▸ Your assignment
Below are records to print word for word; include none of their pictures.

Data excerpts:
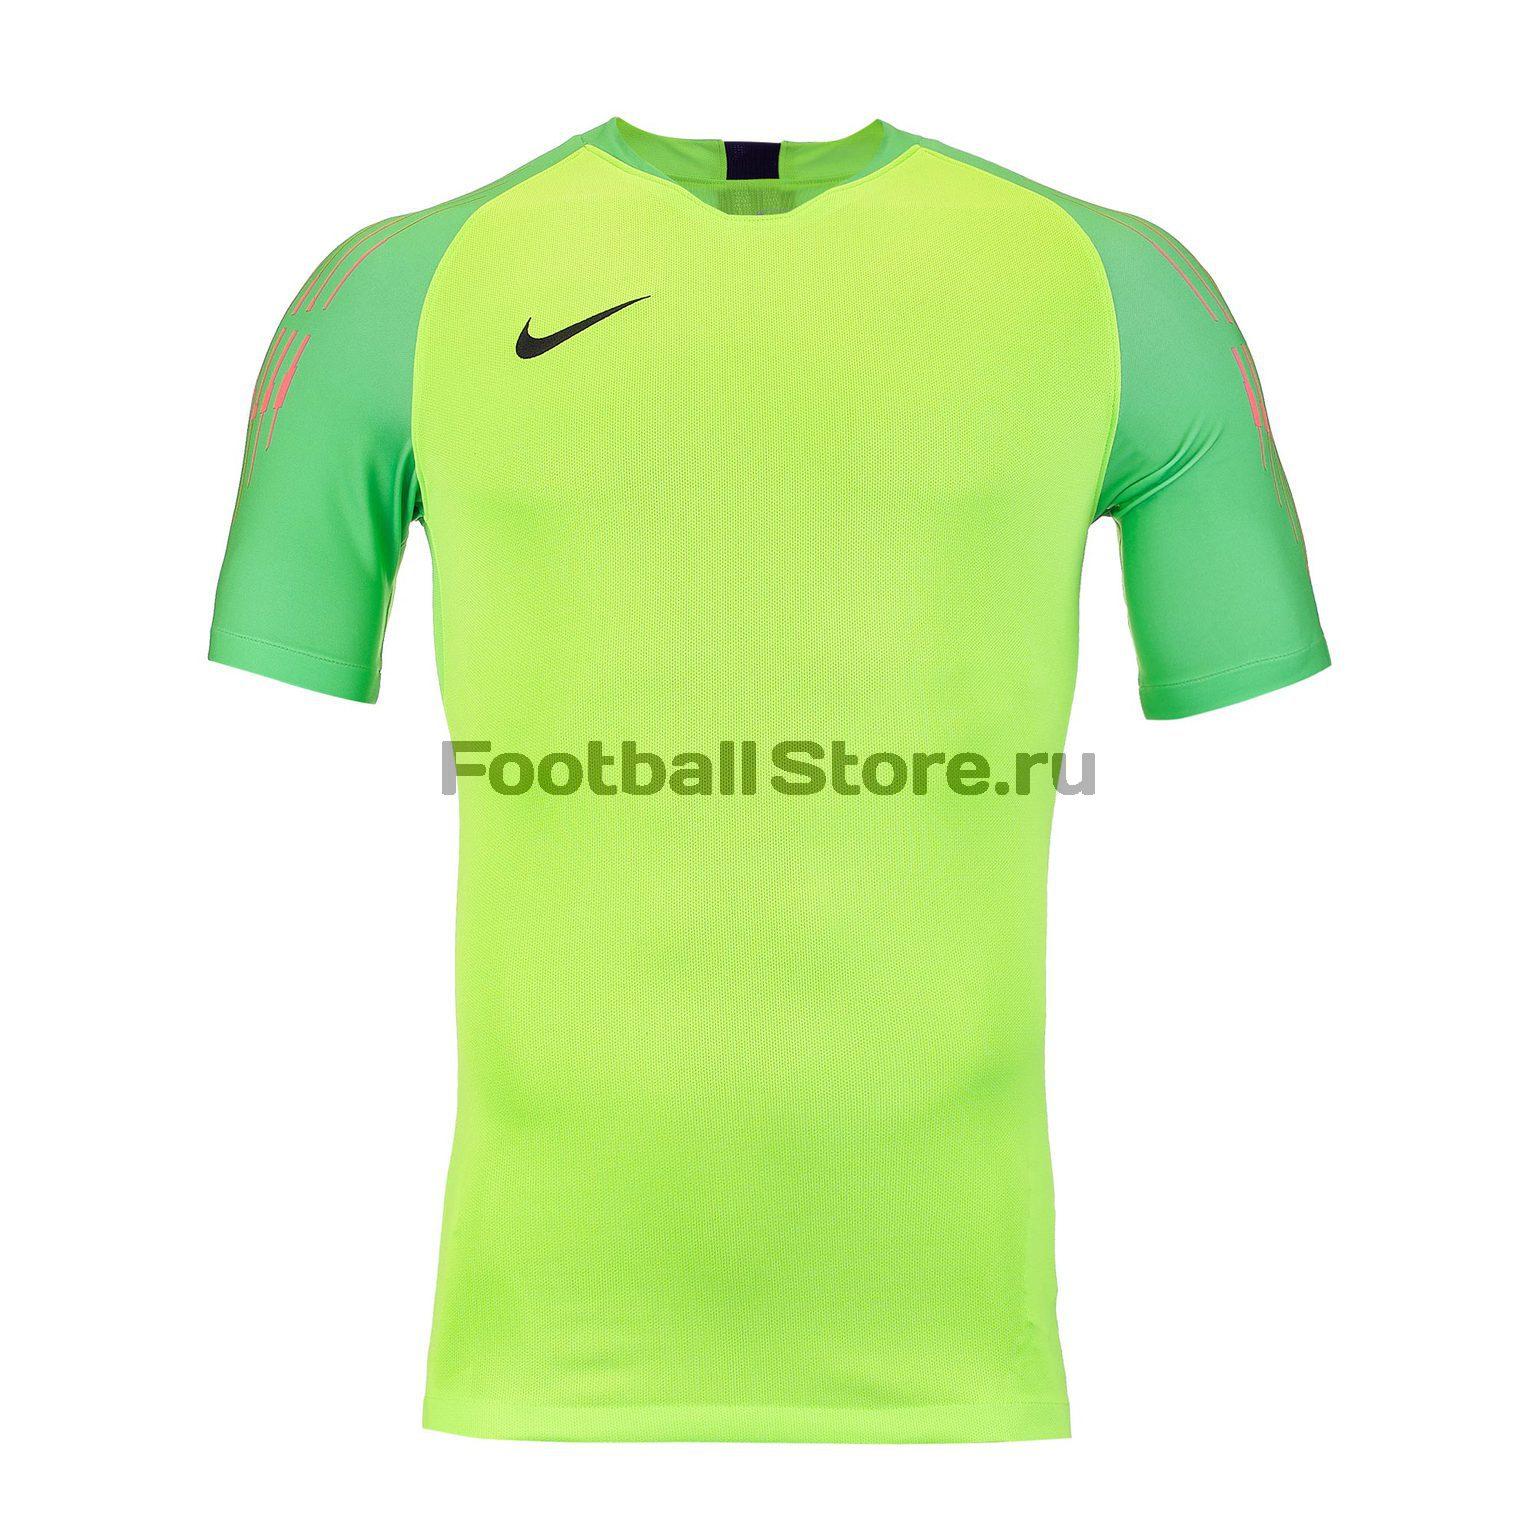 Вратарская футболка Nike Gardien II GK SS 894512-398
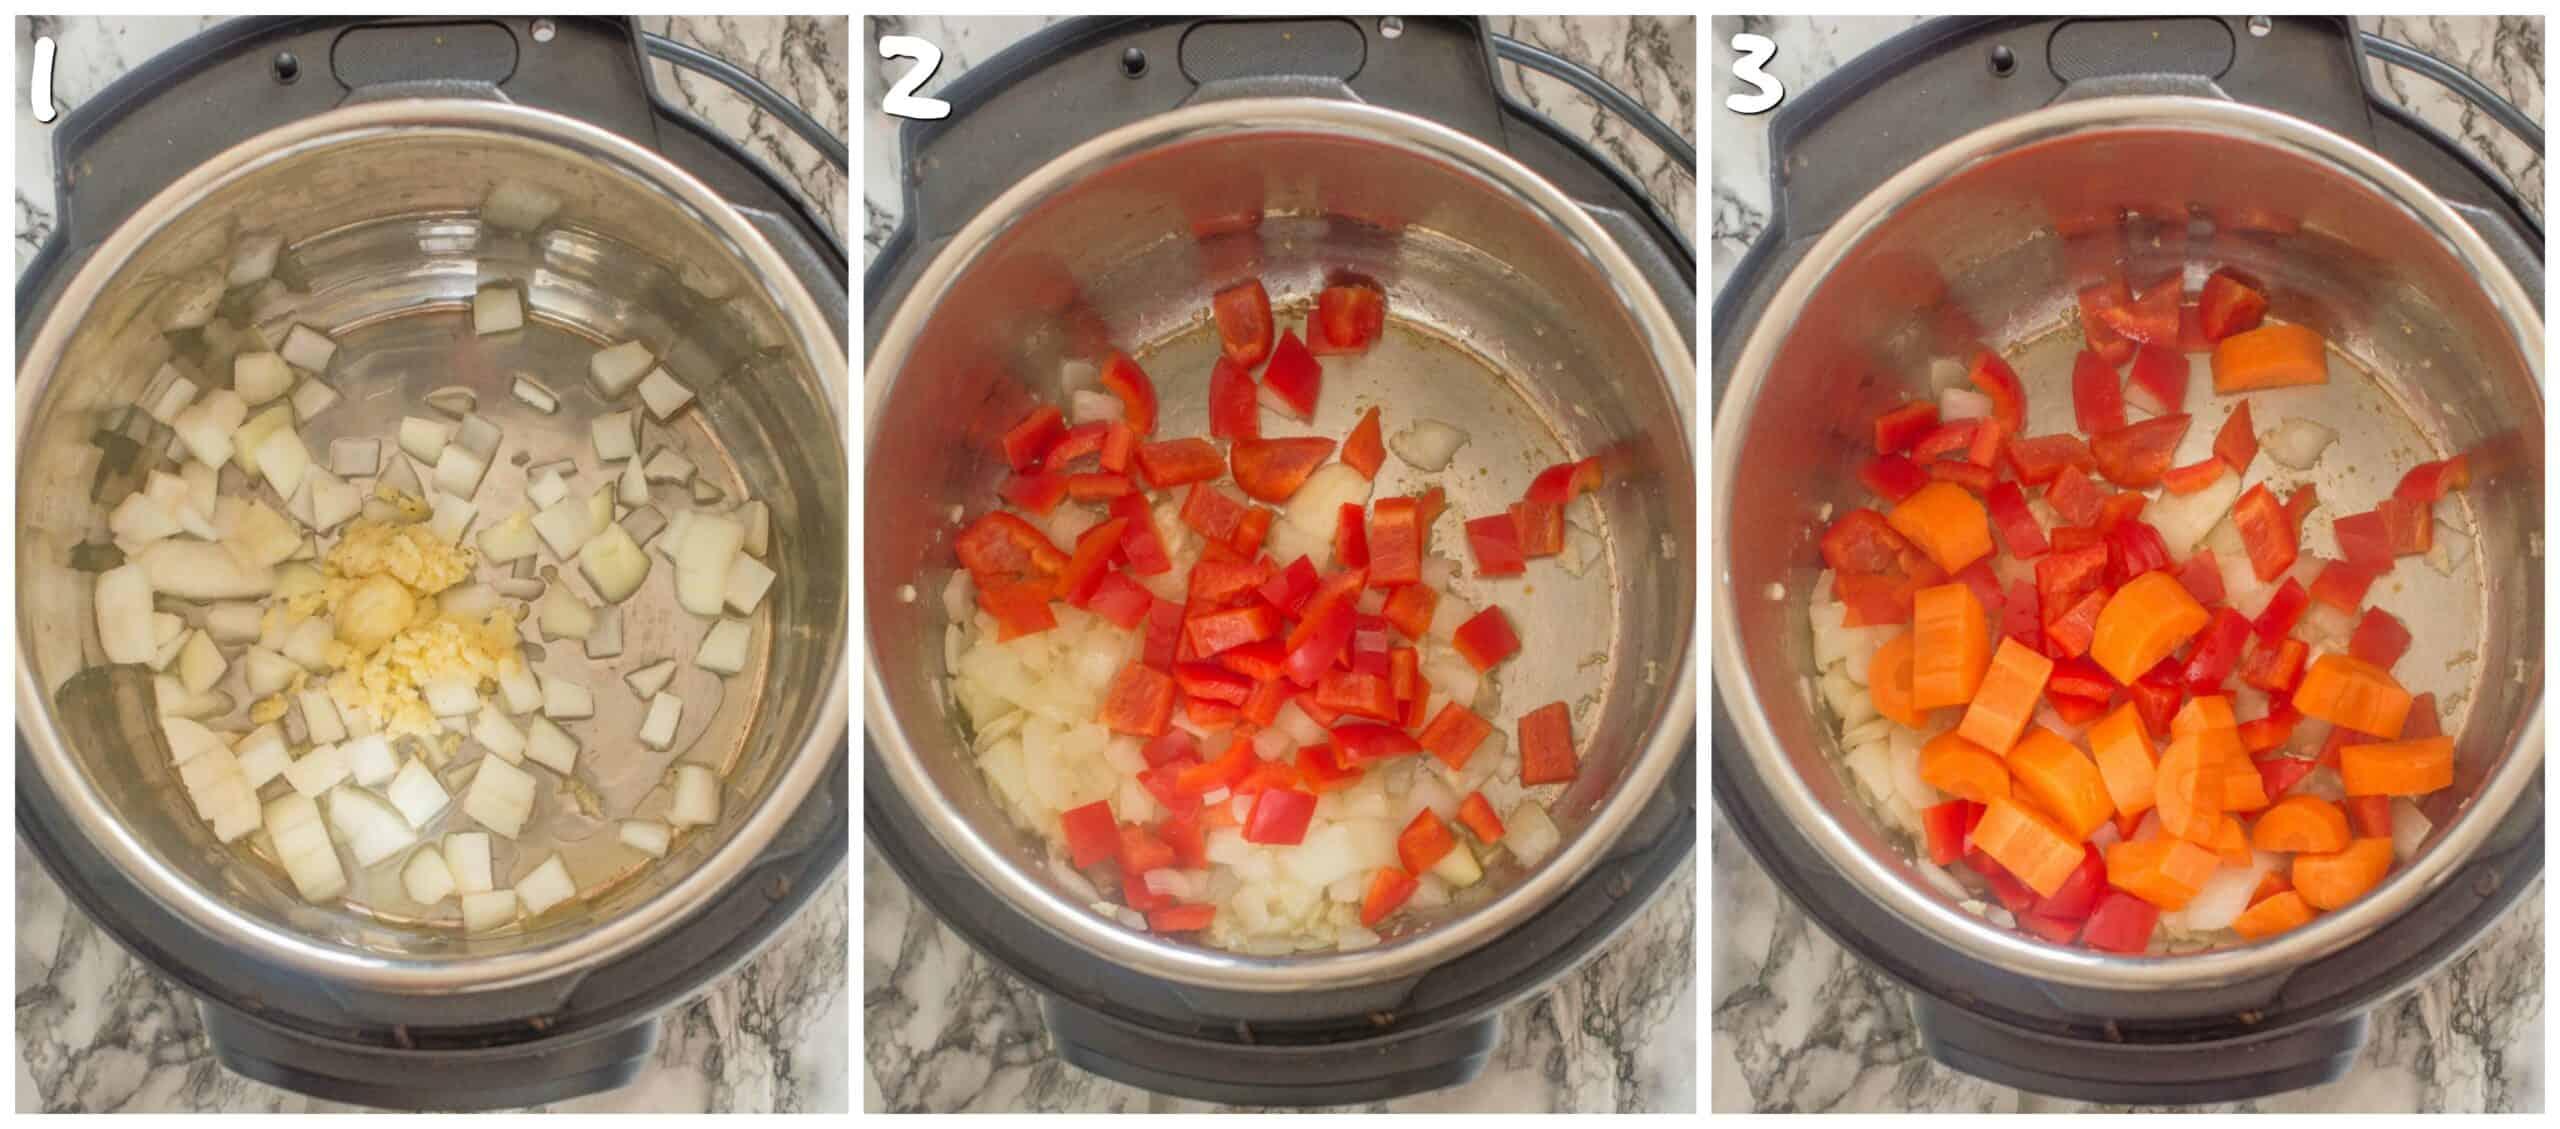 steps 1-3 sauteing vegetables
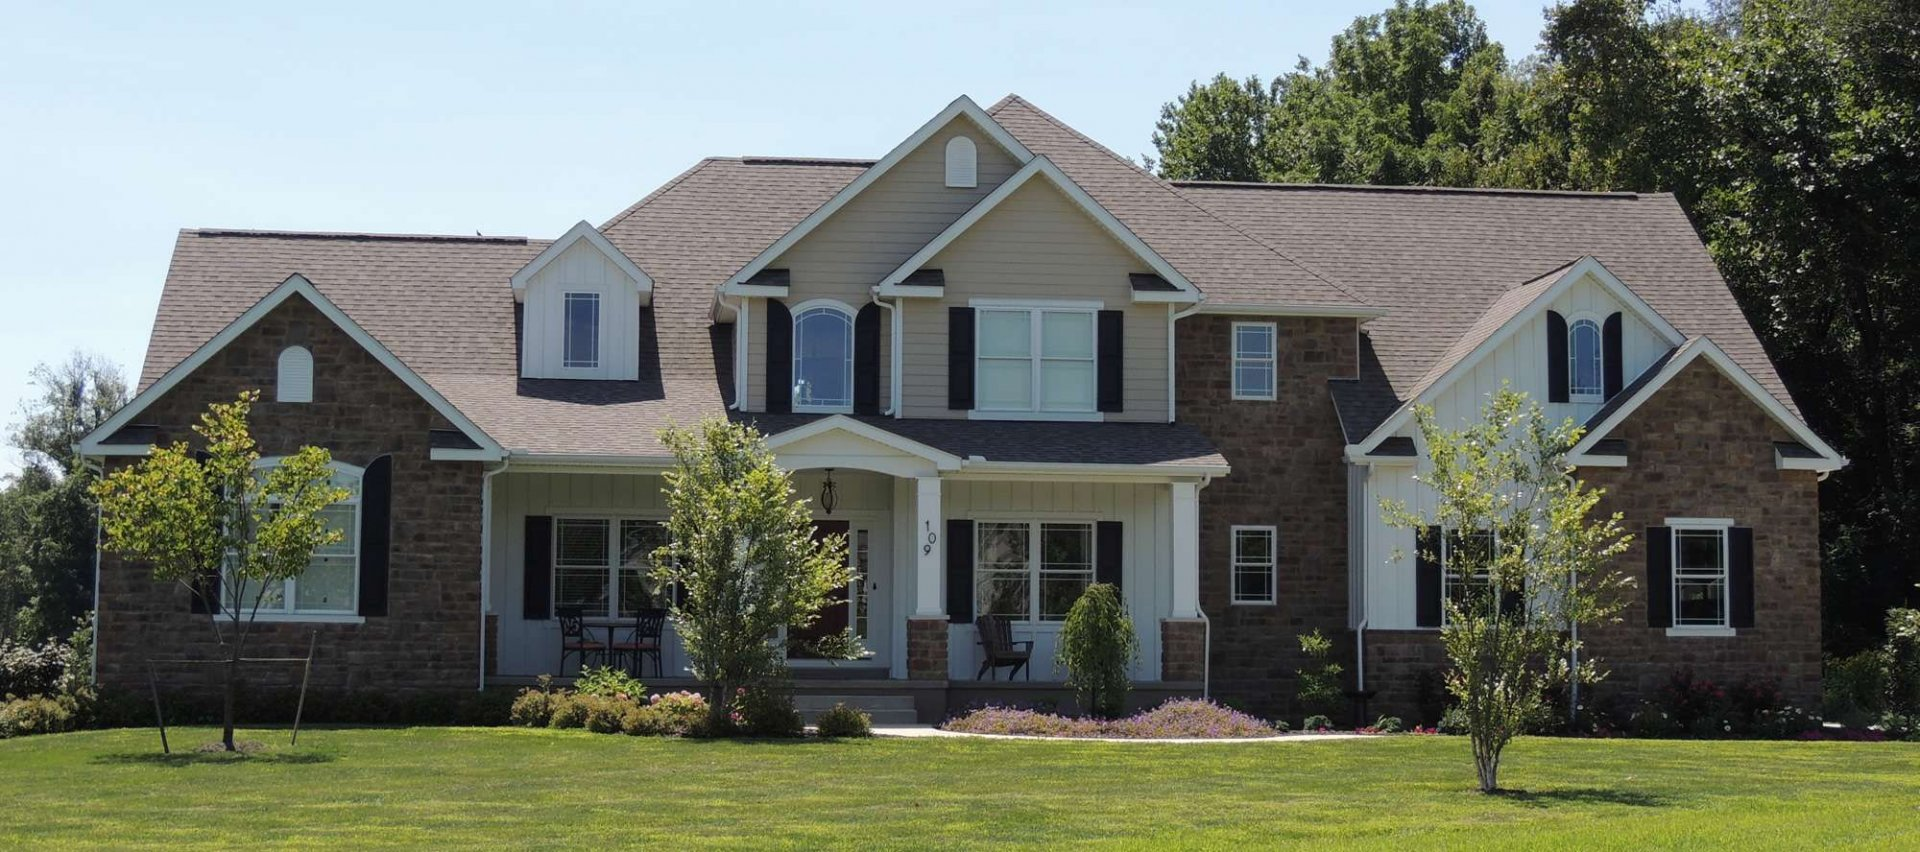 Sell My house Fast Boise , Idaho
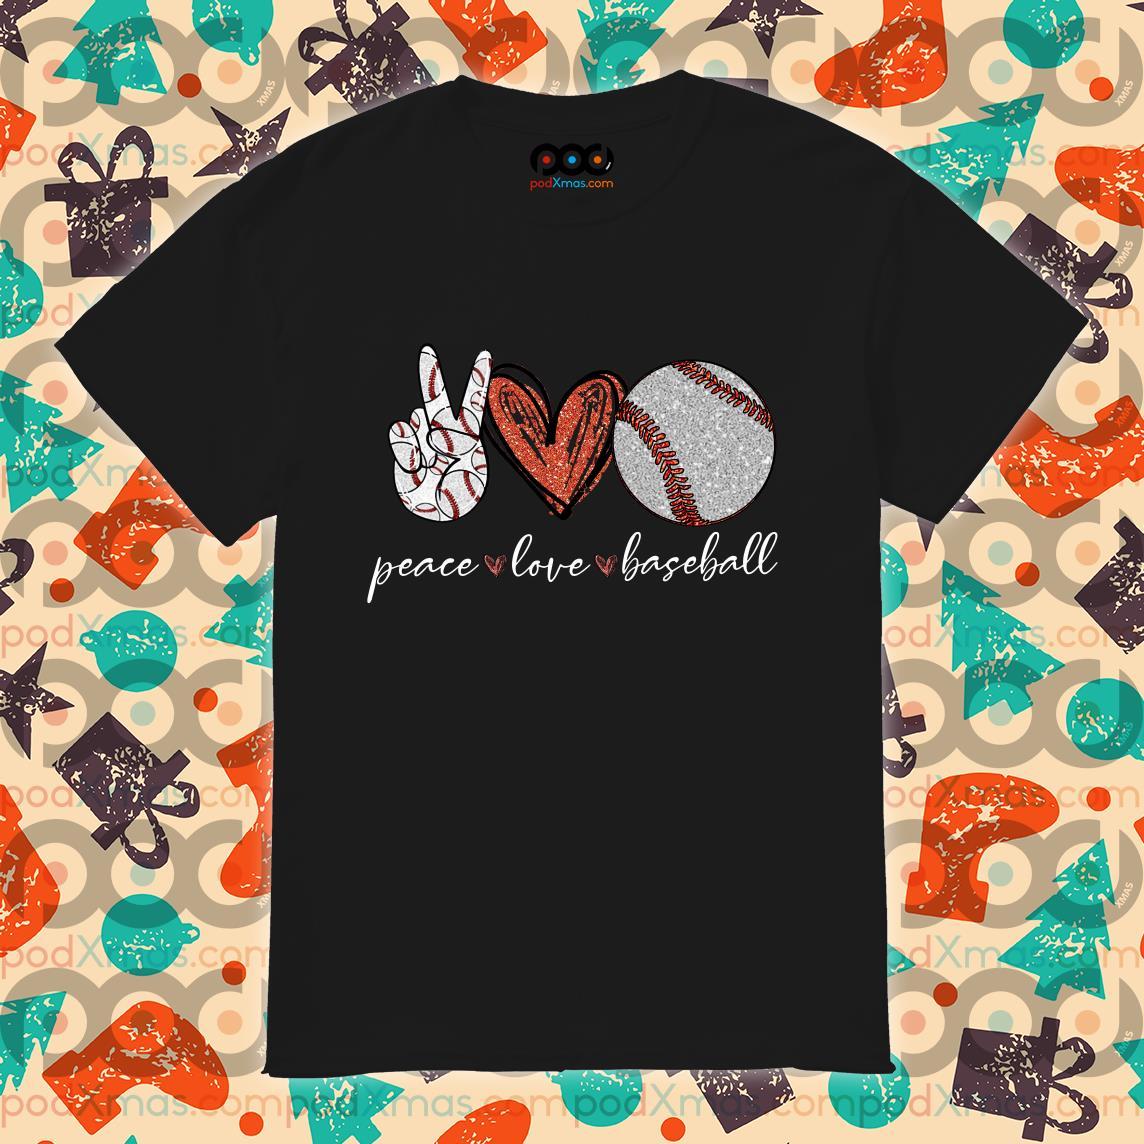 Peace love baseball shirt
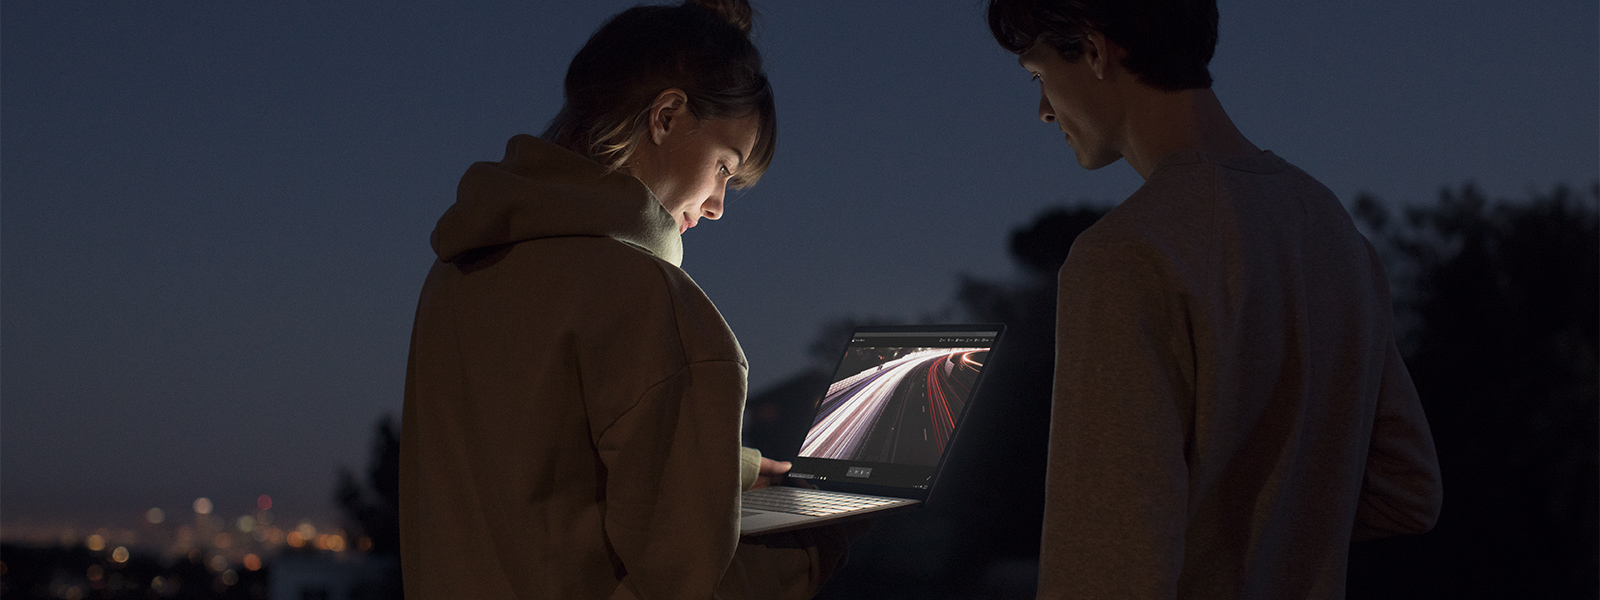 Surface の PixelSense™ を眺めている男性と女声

▸ Result of this exercise
 Вратарская футболка Nike Gardien II GK SS 894512-398
 steps 1-3 sauteing vegetables
 Sell My house Fast Boise , Idaho
 Peace love baseball shirt
 Surface の PixelSense™ を眺めている男性と女声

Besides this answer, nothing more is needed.